EXERCISE:
When you return the lines below, go from the first through the line with "3PC Stitched LILAC", keep them exact, and leave out every picture.

DATA PROVIDED:
══════════════════════════════

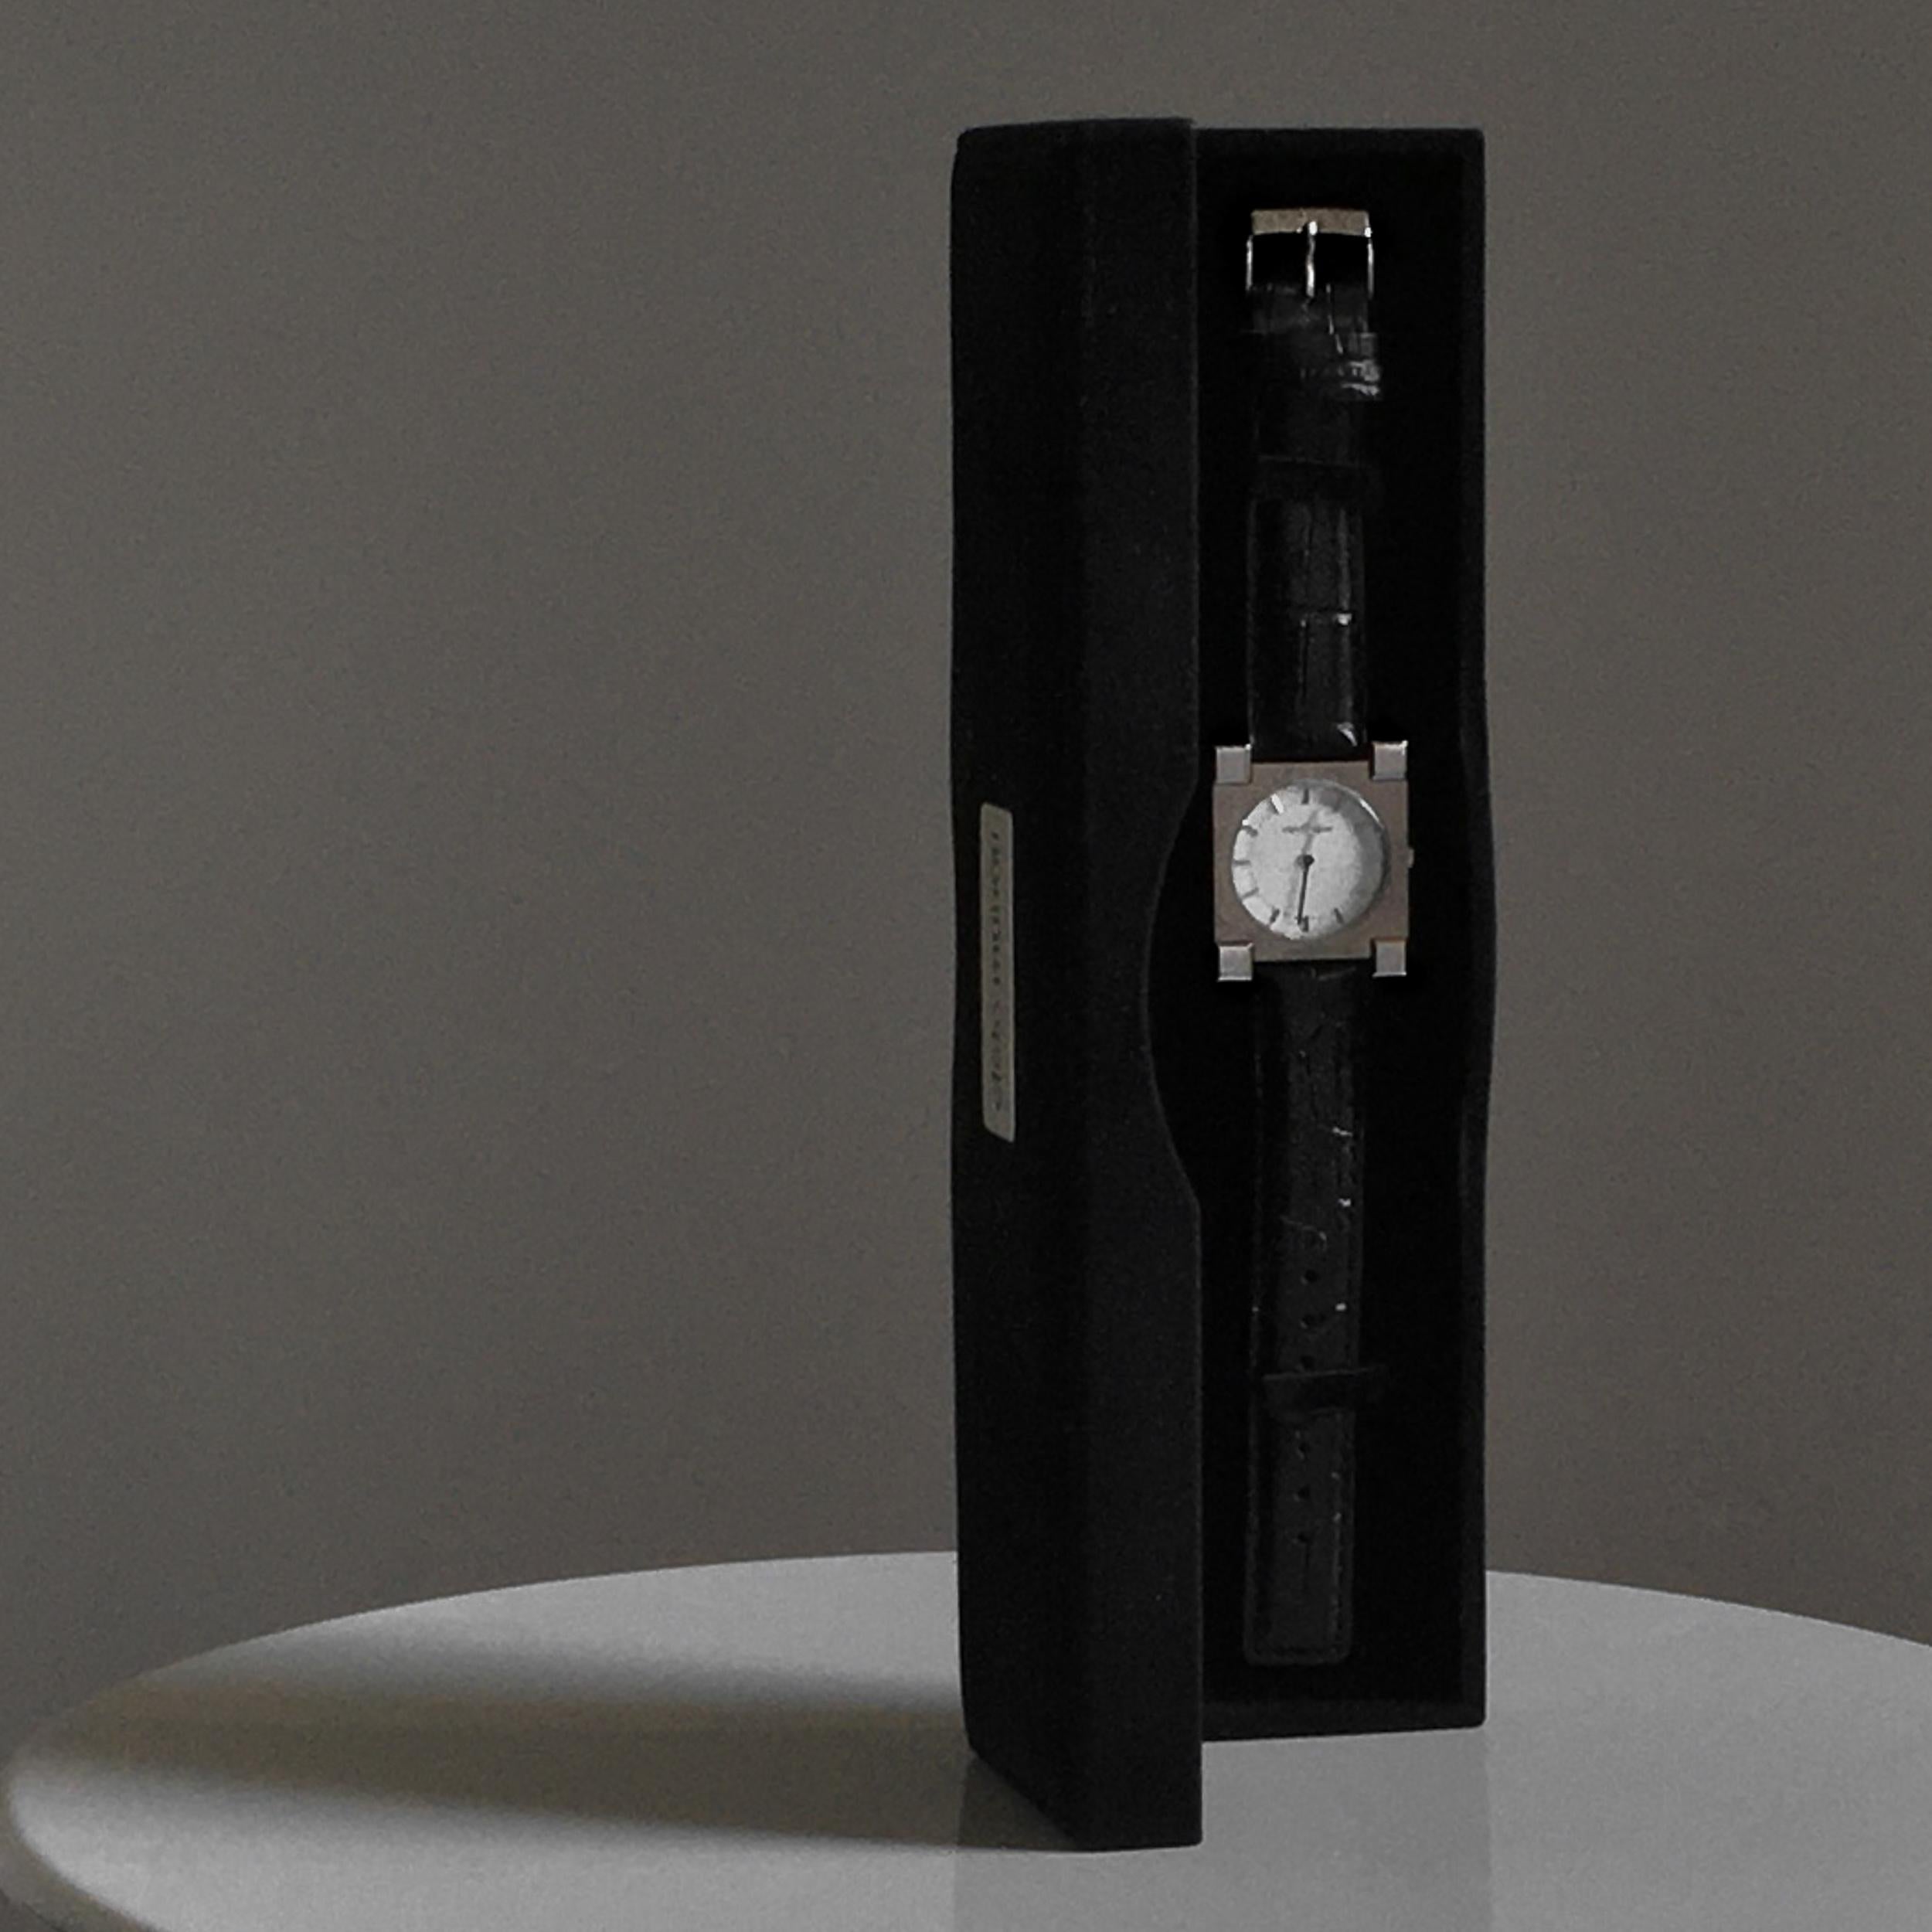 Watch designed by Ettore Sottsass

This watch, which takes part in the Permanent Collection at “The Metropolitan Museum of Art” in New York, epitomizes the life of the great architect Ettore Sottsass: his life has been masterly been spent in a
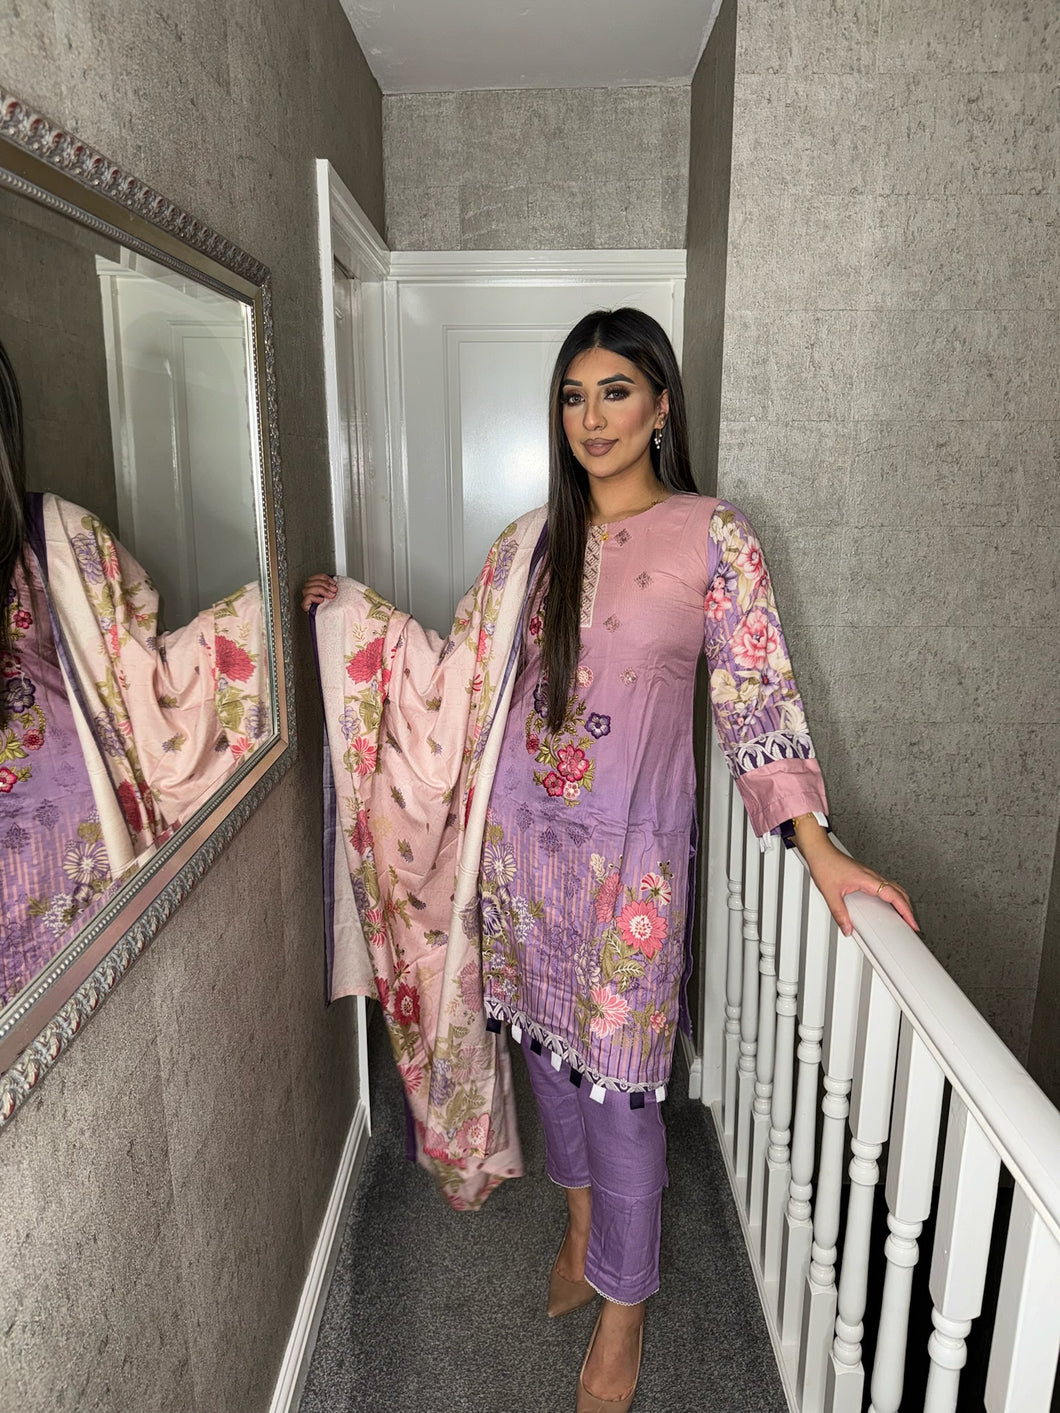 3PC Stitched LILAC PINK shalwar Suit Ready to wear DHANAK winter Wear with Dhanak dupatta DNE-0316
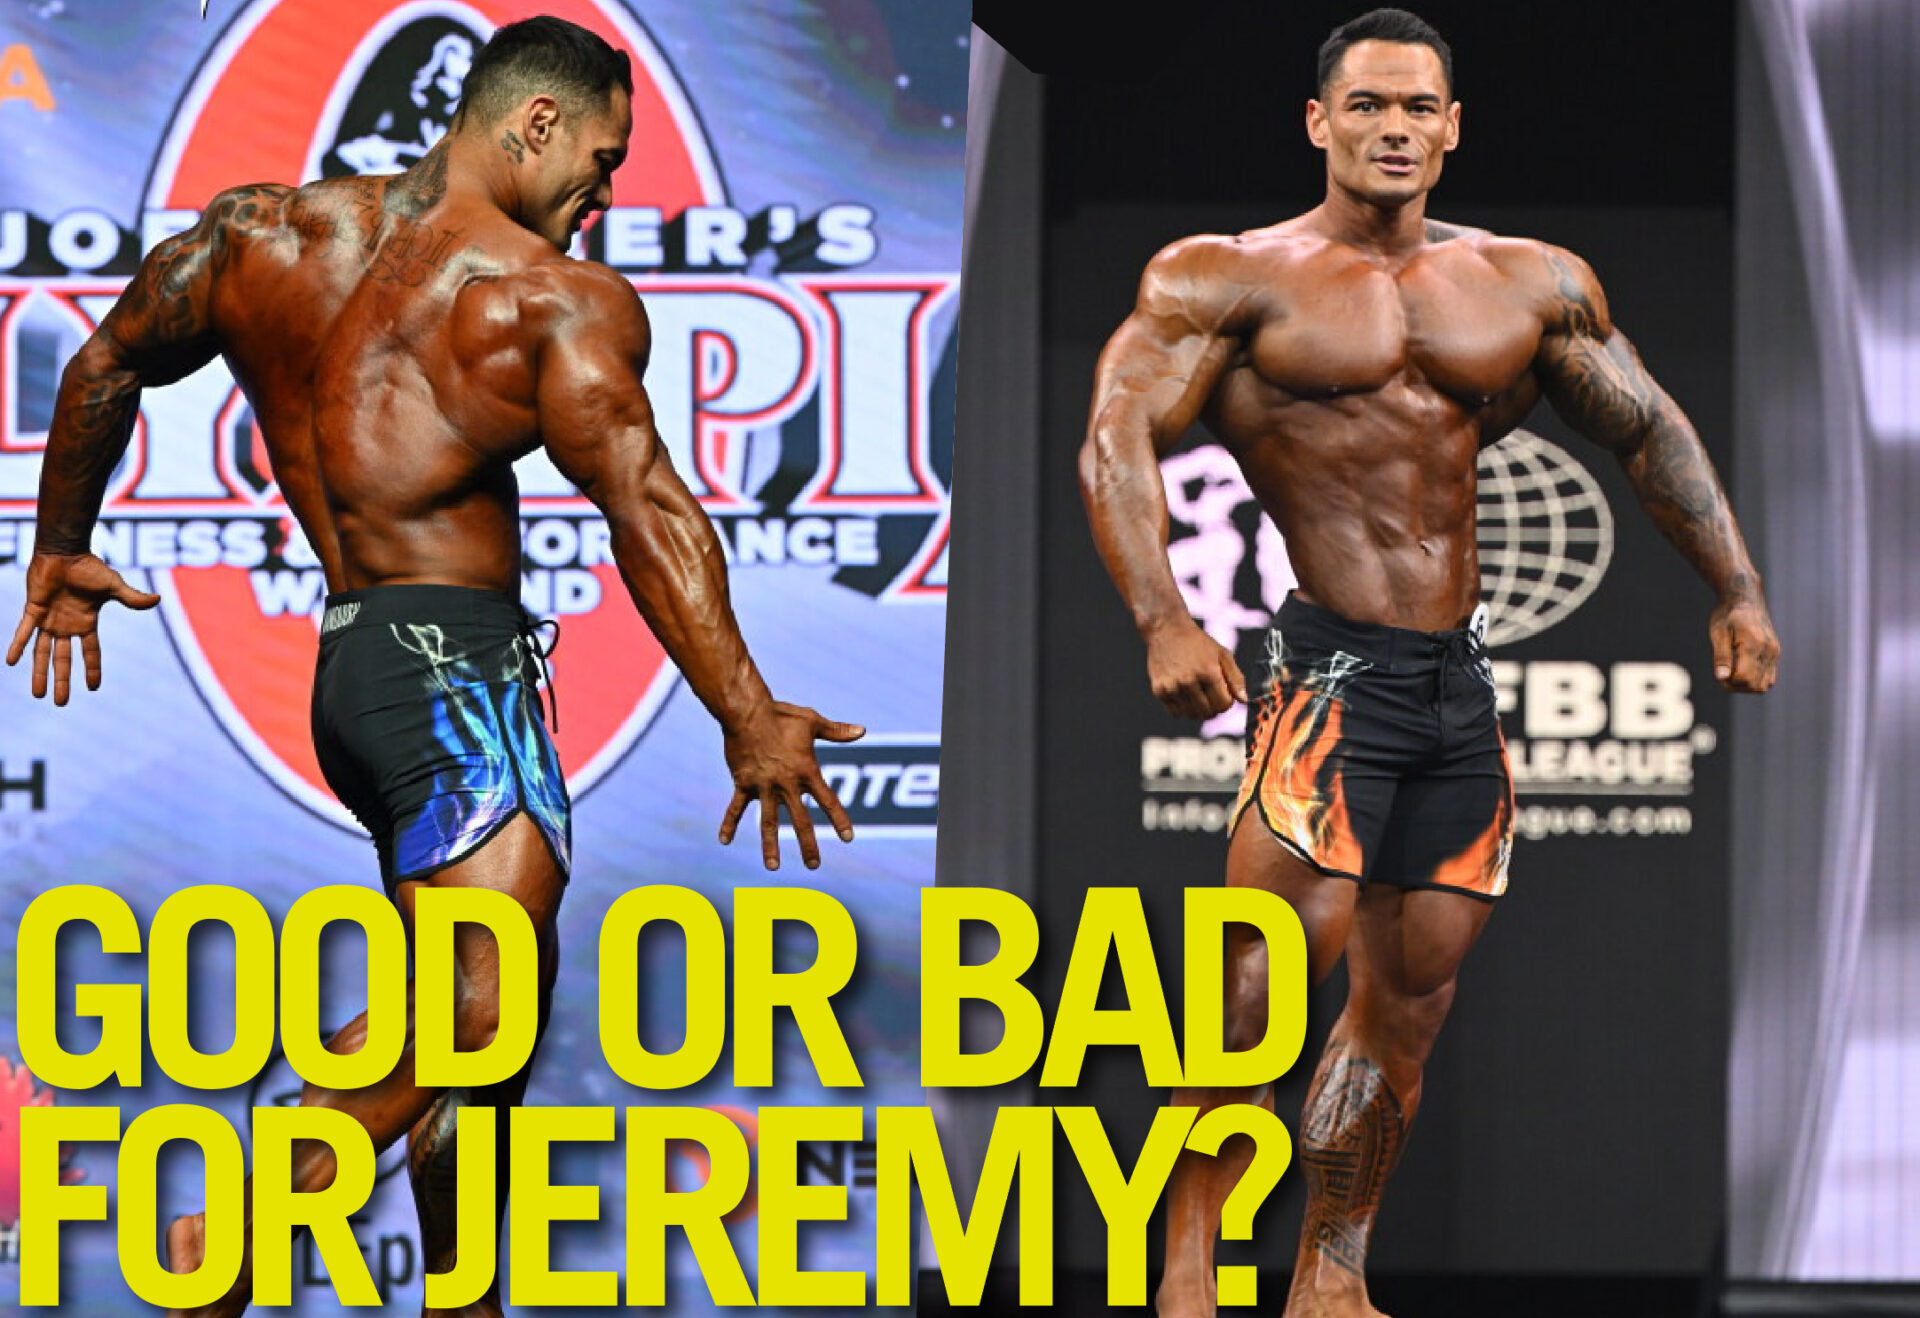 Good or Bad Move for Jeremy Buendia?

══════════════════════════════

RESPONSE FOR THIS EXERCISE:
 Watch designed by Ettore Sottsass

This watch, which takes part in the Permanent Collection at “The Metropolitan Museum of Art” in New York, epitomizes the life of the great architect Ettore Sottsass: his life has been masterly been spent in a
 3PC Stitched LILAC PINK shalwar Suit Ready to wear DHANAK winter Wear with Dhanak dupatta DNE-0316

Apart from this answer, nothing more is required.